* **Task inputs**
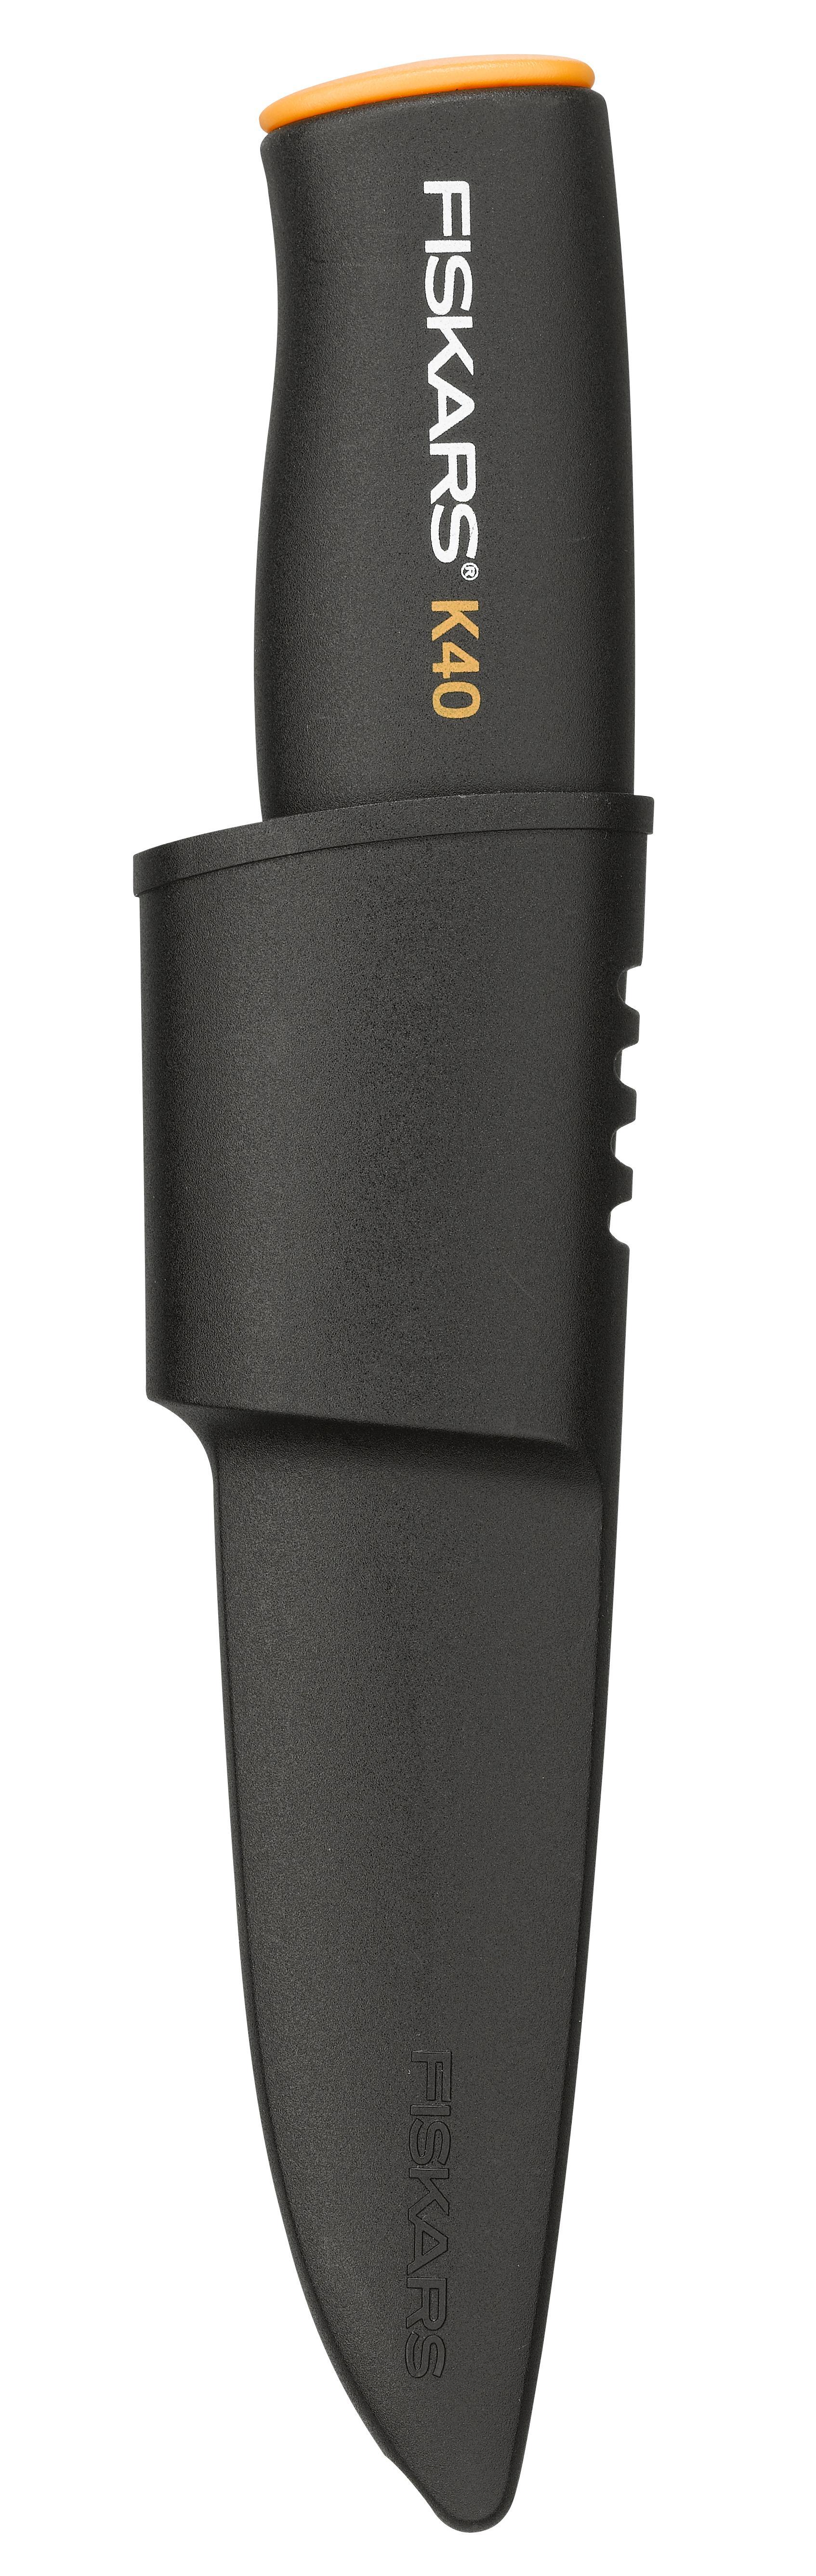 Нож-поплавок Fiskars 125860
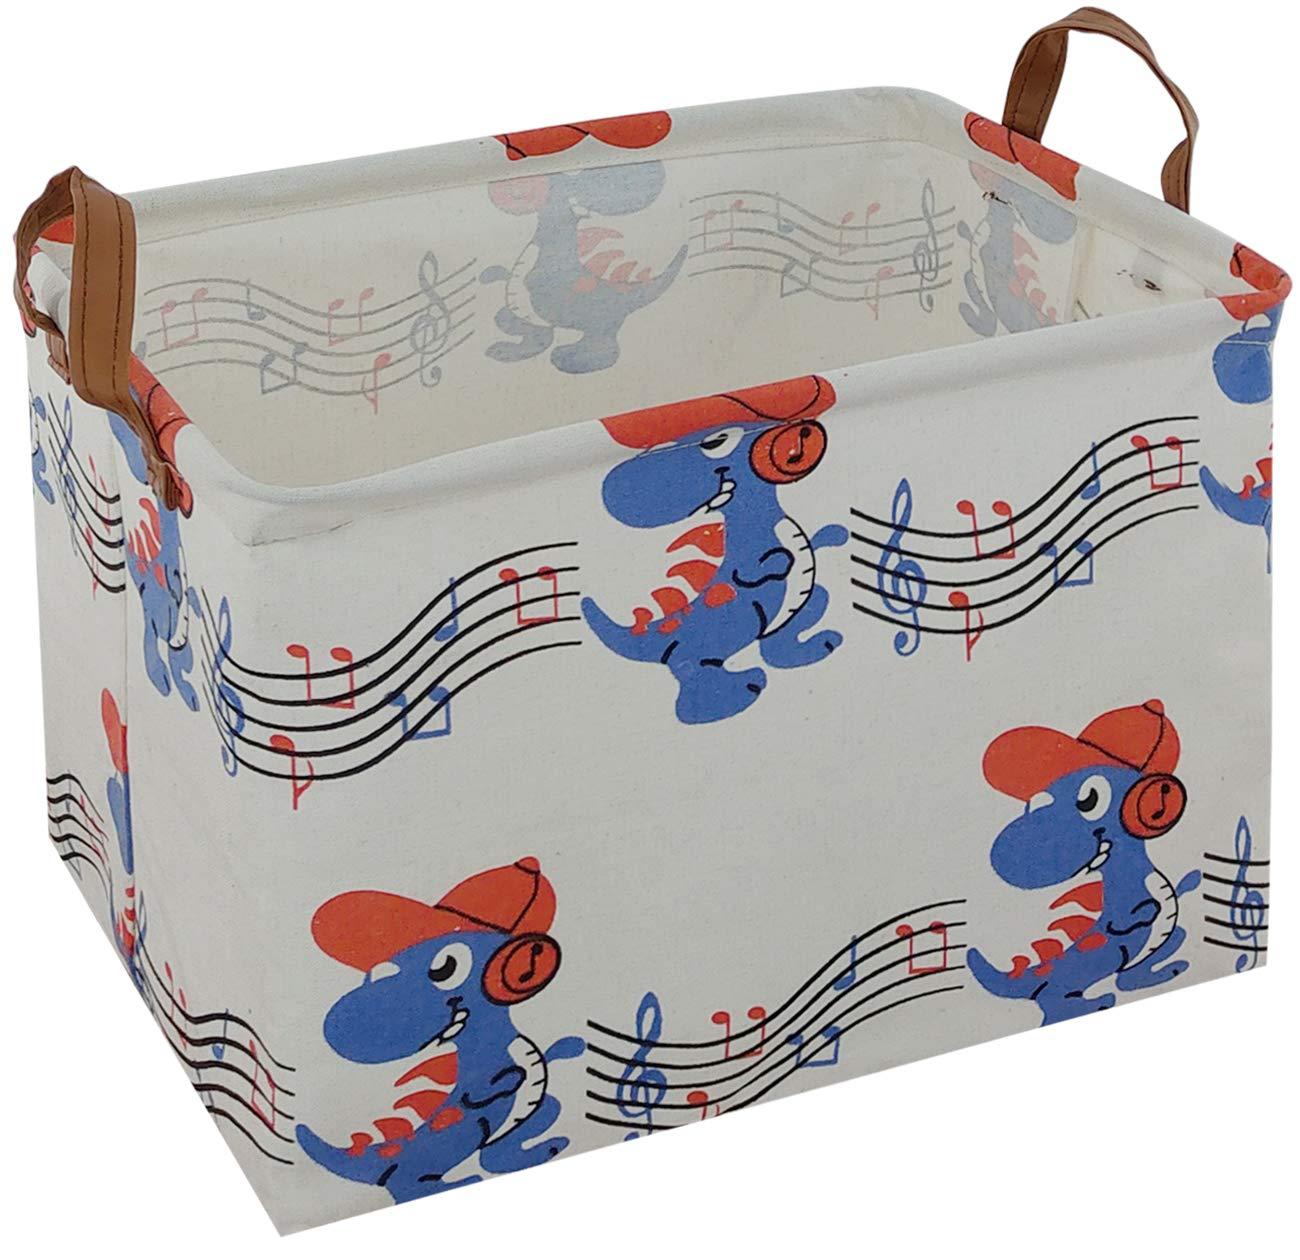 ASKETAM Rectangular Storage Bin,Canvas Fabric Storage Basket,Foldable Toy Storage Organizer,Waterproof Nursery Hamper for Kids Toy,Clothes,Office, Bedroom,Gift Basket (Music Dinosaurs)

...

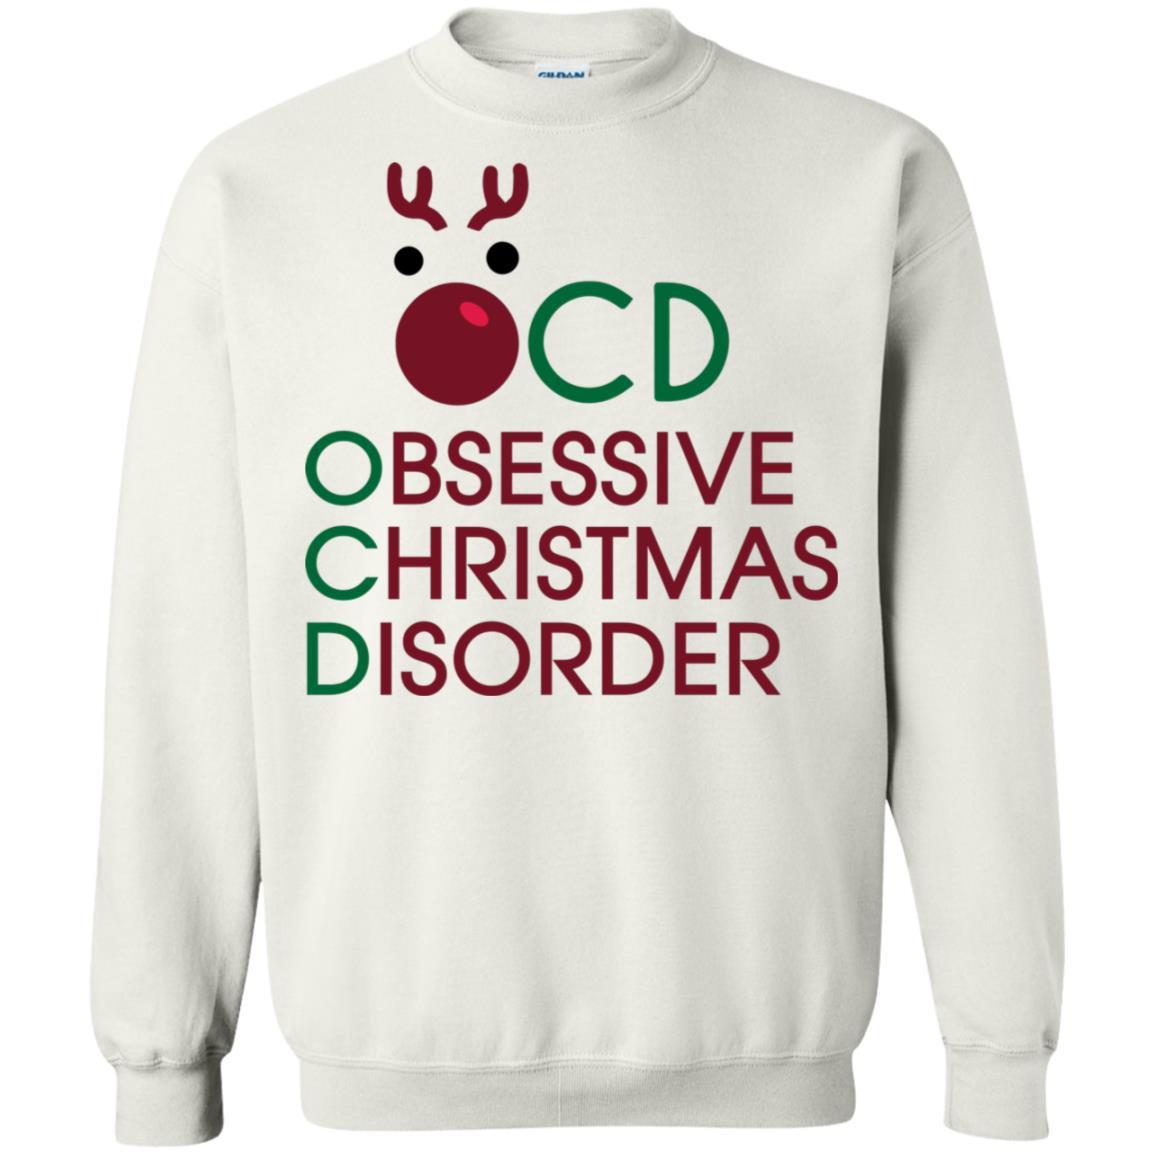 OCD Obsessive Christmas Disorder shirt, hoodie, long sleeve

==

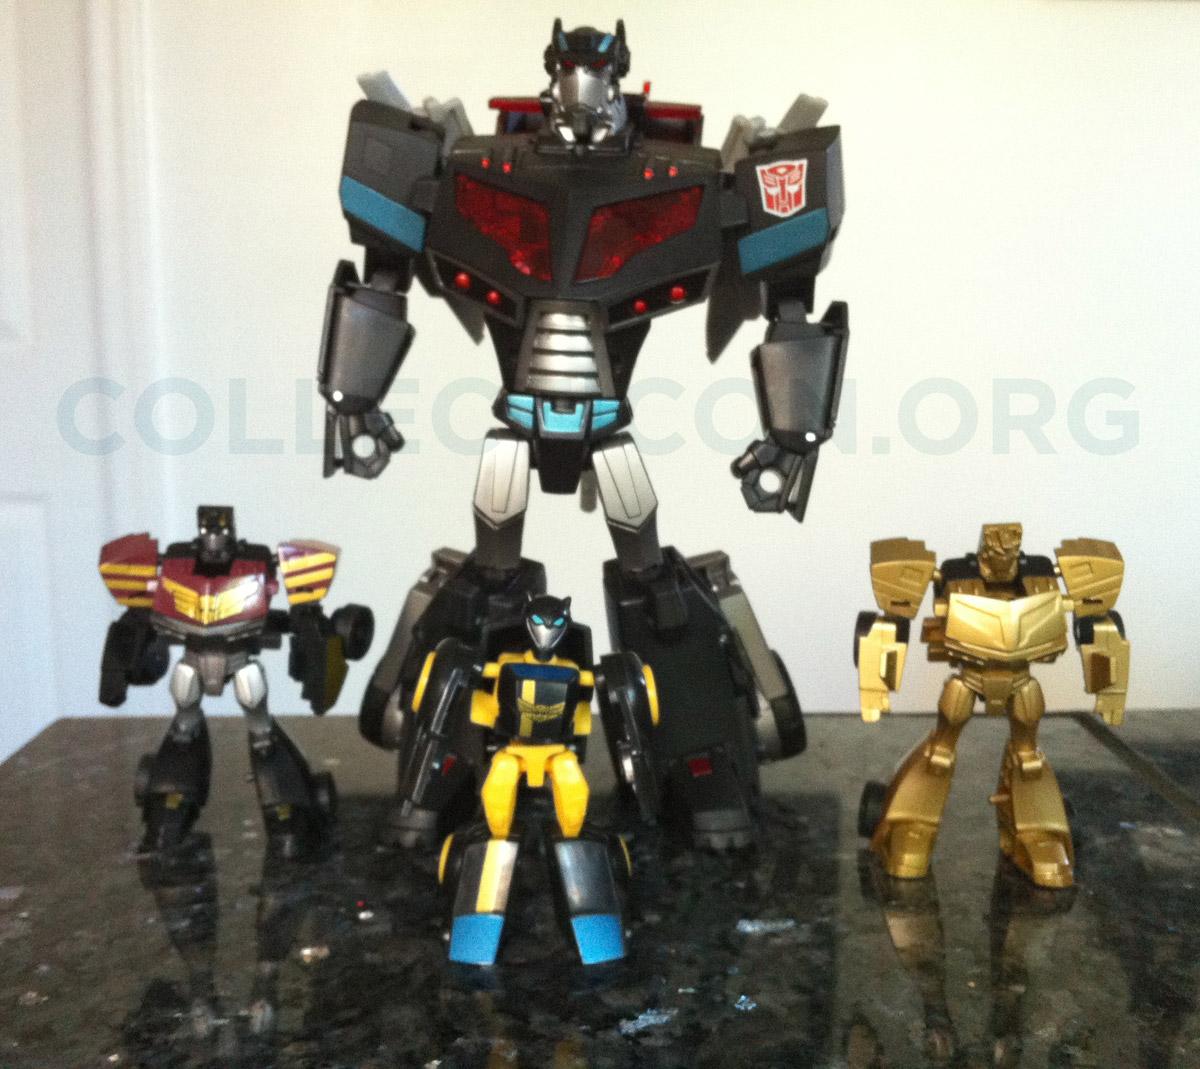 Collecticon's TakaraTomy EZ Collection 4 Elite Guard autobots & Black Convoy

* **Exercise details**
What is needed is an exact copy of only the lines above from the one with "Нож-поплавок Fiskars 125860" to the one with "ASKETAM Rectangular Storage", both kept, with every picture left out.

* **Reply**
 Нож-поплавок Fiskars 125860
 ASKETAM Rectangular Storage Bin,Canvas Fabric Storage Basket,Foldable Toy Storage Organizer,Waterproof Nursery Hamper for Kids Toy,Clothes,Office, Bedroom,Gift Basket (Music Dinosaurs)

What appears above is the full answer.